Import the `Dataset` class from the `netCDF4` library. You can go on to create an *instance* of this class which will contain:
- variables
- coordinate variables
- dimensions
- global attributes

When you create the instance of `Dataset`, you will give it a file name which will be written to when you close the `Dataset`.

Also import `numpy` as `np`. This will be used to construct the data arrays from the existing lists that currently hold the weather data and coordinate information.


In [42]:
from netCDF4 import Dataset
import numpy as np

#### Quick aside, let's make sure we have a `DATA_DIR` to write to

Since this is a group exercise, everyone should be writing to the same output directory. Let's set some python variables that can be used below:
1. `USER` - used in the output file names to ensure every NetCDF file is unique.
2. `HOME_DIR` - your `$HOME` directory
2. `MY_DATA_DIR` - the directory where you will write your NetCDF file.
3. `GROUP_DATA_DIR` - the directory where all the NetCDF files will eventually be collected/available.

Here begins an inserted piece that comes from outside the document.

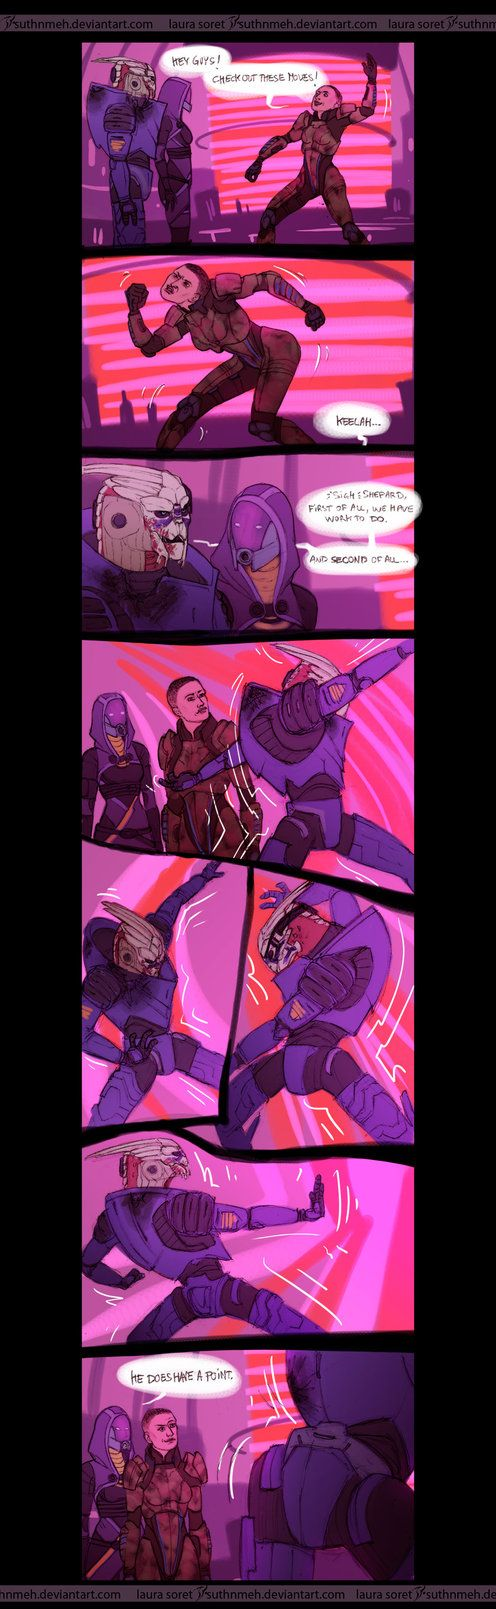 Mass Effect - Dance by suthnmeh on DeviantArt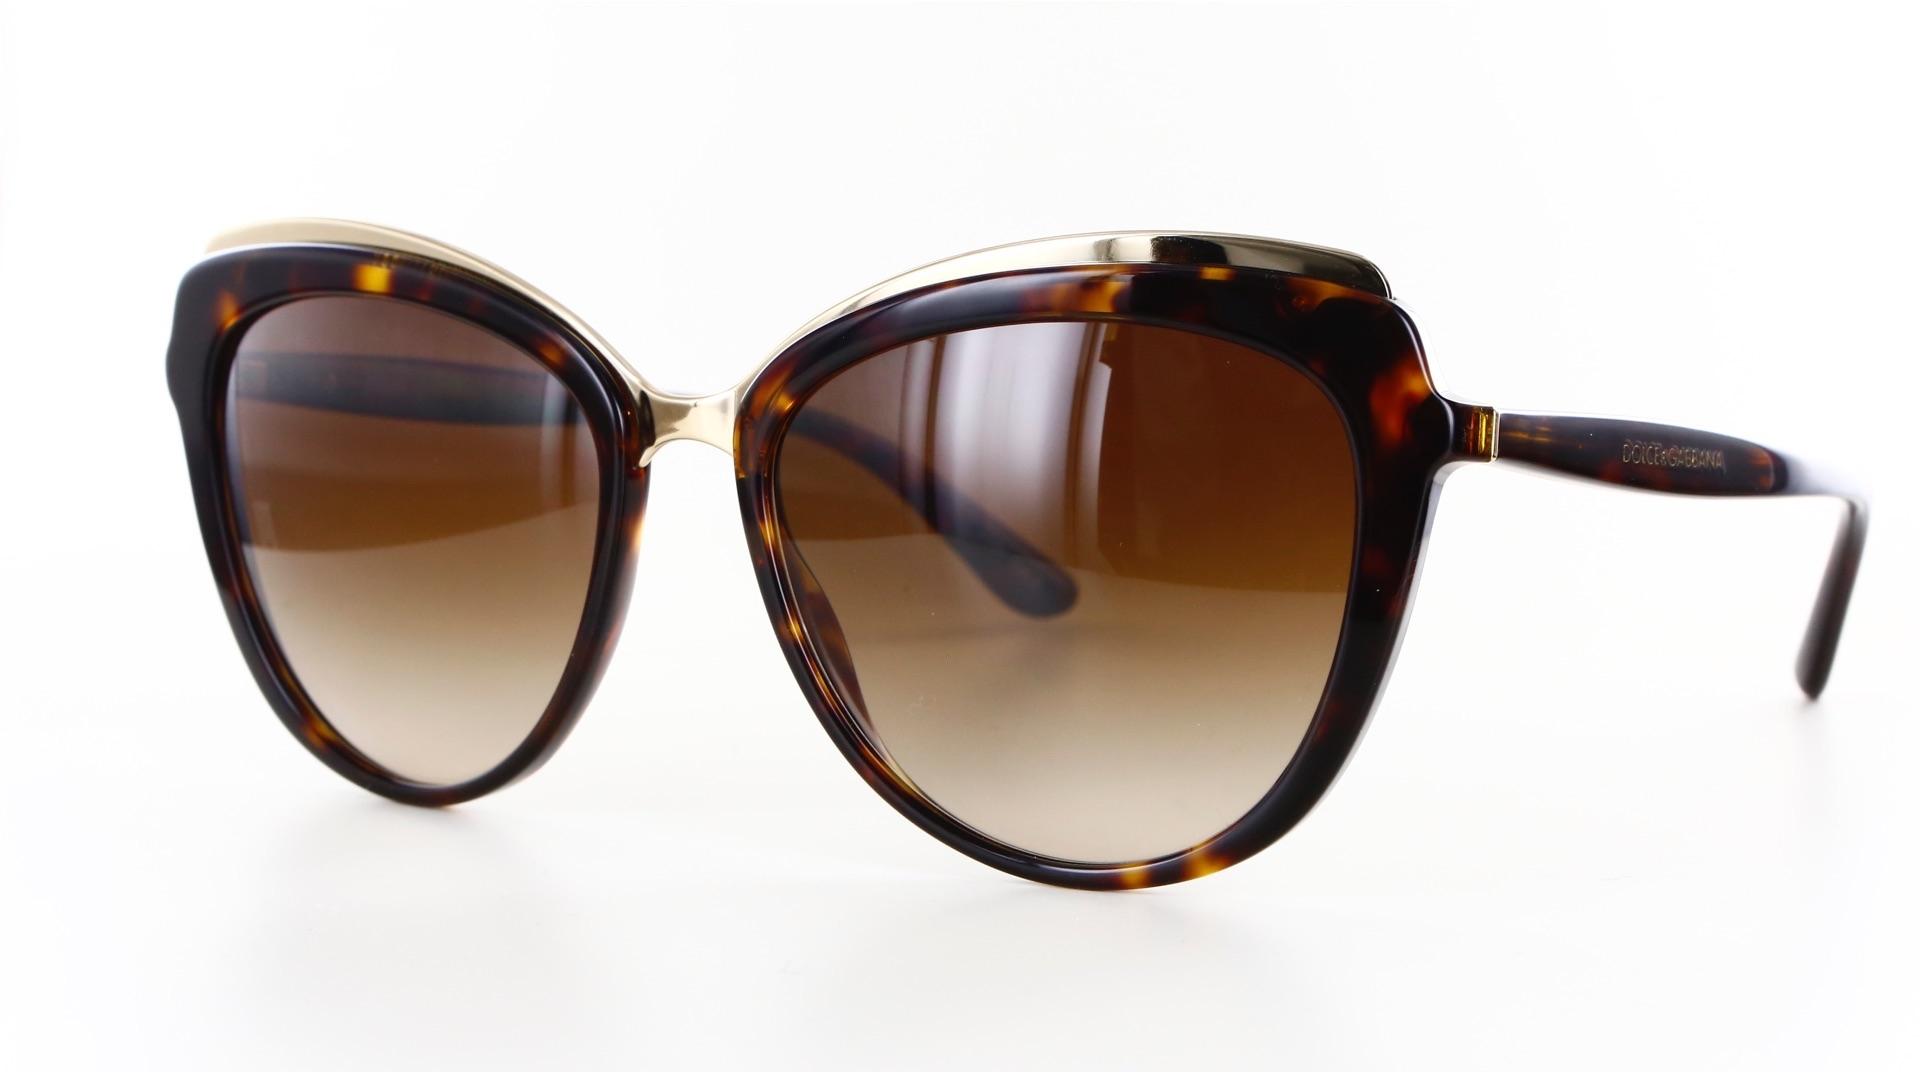 Dolce & Gabbana - ref: 76717

Since `GROUP_DATA_DIR` is not writeable directly from the Notebook Service, we have set up a job to replicate files from `MY_DATA_DIR` to `GROUP_DATA_DIR` (which runs once per minute).

In [44]:
import os
USER = os.environ["JUPYTERHUB_USER"]

HOME_DIR = f"/home/users/{USER}"
MY_DATA_DIR = os.path.join(HOME_DIR, "weather-api-outputs")

# Create MY_DATA_DIR if it doesn't exist
if not os.path.isdir(MY_DATA_DIR):
    os.mkdir(MY_DATA_DIR)

# All NetCDF will be automatically copied here (once per minute)
GROUP_DATA_DIR = "/gws/pw/j05/workshop/weather-api-data"

# The output file will initially be written to your HOME_DIR (then you will move
# it when complete)
filename = f"{gridID}-{USER}-temps.nc"
outfile = f"{HOME_DIR}/{filename}"

#### Back to our NetCDF file

Create the output file, as a `netCDF4 Dataset` instance, using the `outfile` defined above.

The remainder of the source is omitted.